Wout played on the university’s football team for years and was also involved in the organisation of the O&W sports tournament (which ceased to be organised in 2004), where all the Dutch universities and the Ministry of Education would compete against each other to win the trophy. “Things were a little more congenial, a little more engaged then”, he says, without wishing to sound like he is complaining. “Times have changed.”
Greatest years
The greatest years of his fifty-year career were when Wout was working with Marco, an intellectually disabled man he was asked to supervise. “I was mostly working on my own and was doing a lot of manual work, and I’m a quiet kind of person, so I guess that’s probably why they asked me”, he now says about that.

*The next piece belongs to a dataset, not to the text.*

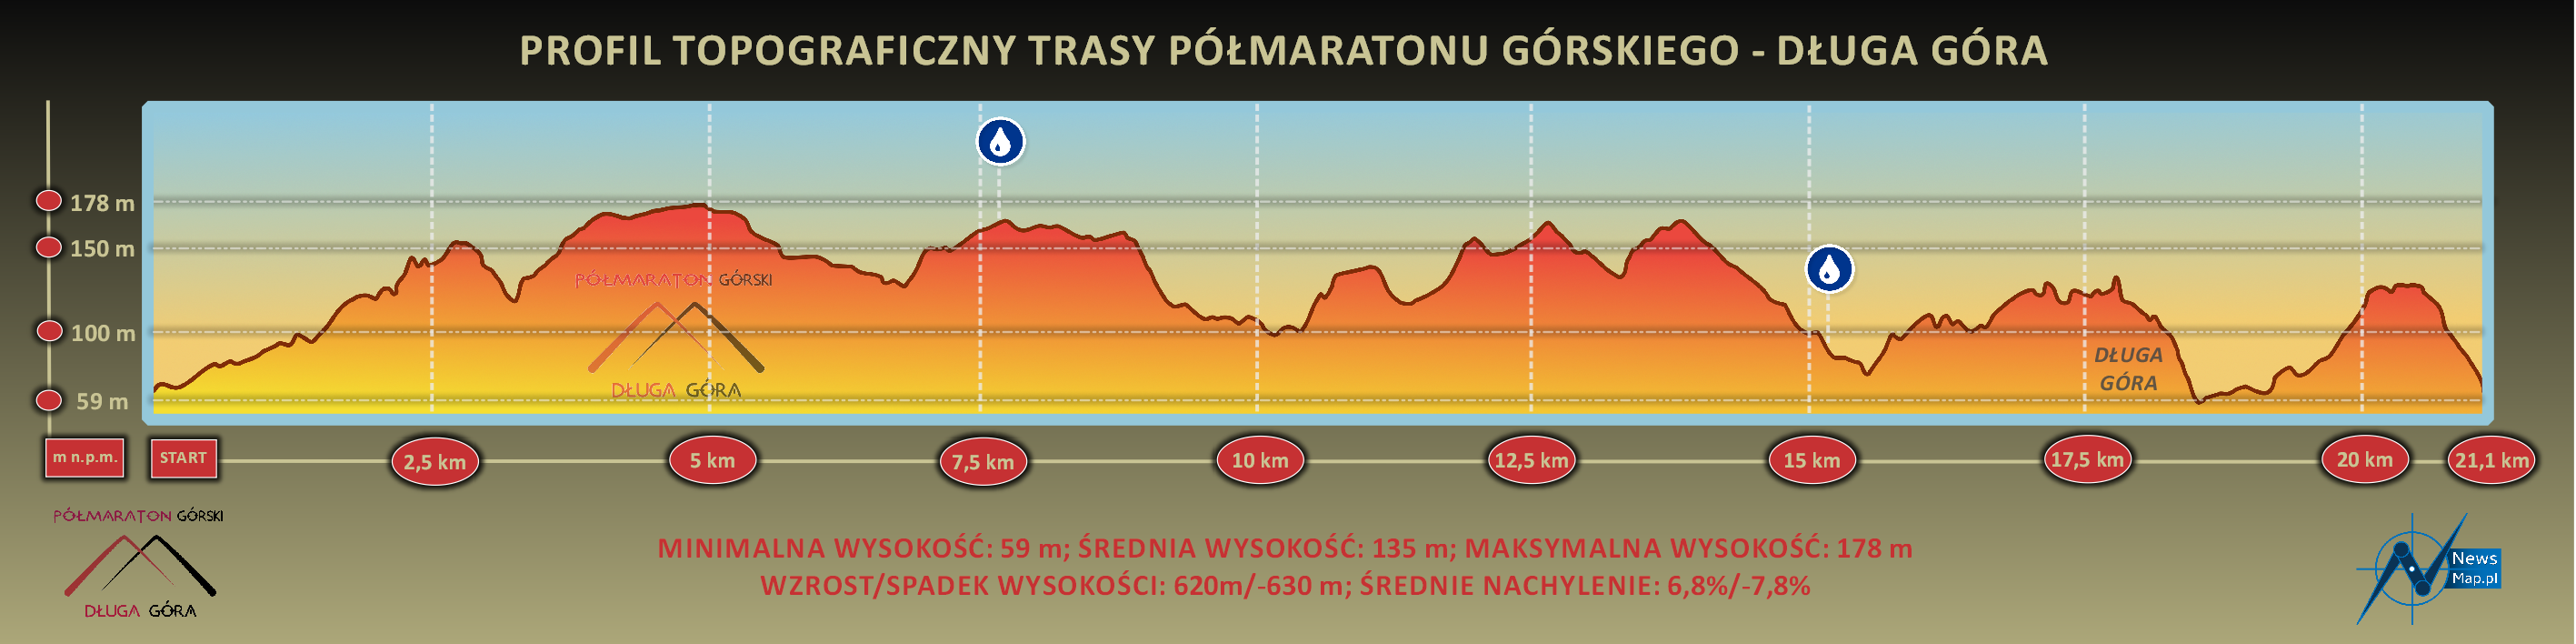 Półmaraton Górski Długa Góra - profil topograficzny

He supervised Marco in his duties for about thirteen or fourteen years. It was more than just telling him what small jobs to perform. “He had incredibly thick glasses and was barely able to see anything when he was typing. So we took him to an optometrist, one of whose employees was the daughter of one my colleagues, and they tested him and gave him contacts. After that, he was 50 per cent better able to read things, and as a result, his performance improved considerably! Those were the kind of things we did.”
Marco suddenly passed away over twelve years ago. A week after his death, Wout was asked whether he wanted to supervise a new intellectually disabled employee. He is still angry that they asked him so soon. He was quite put off by the whole thing.
Erasmus wearing a travelling cap
Due to the coronavirus crisis, Wout’s fifty-year anniversary celebration was a relatively small affair. “In the morning we had cake and coffee, and in the afternoon my supervisors addressed me outside, near the Erasmus statue, in the presence of my wife and colleagues. I was awarded the statuette of Erasmus wearing a travelling cap. I believe that’s kind of a big deal. Then we had another cup of coffee, and then I resumed work, as usual.”
That evening, after crossing the bridge on his way back home in IJsselmonde, he went to a restaurant with his wife and children. Because working for the same employer for fifty years may not be a huge achievement, but it is special.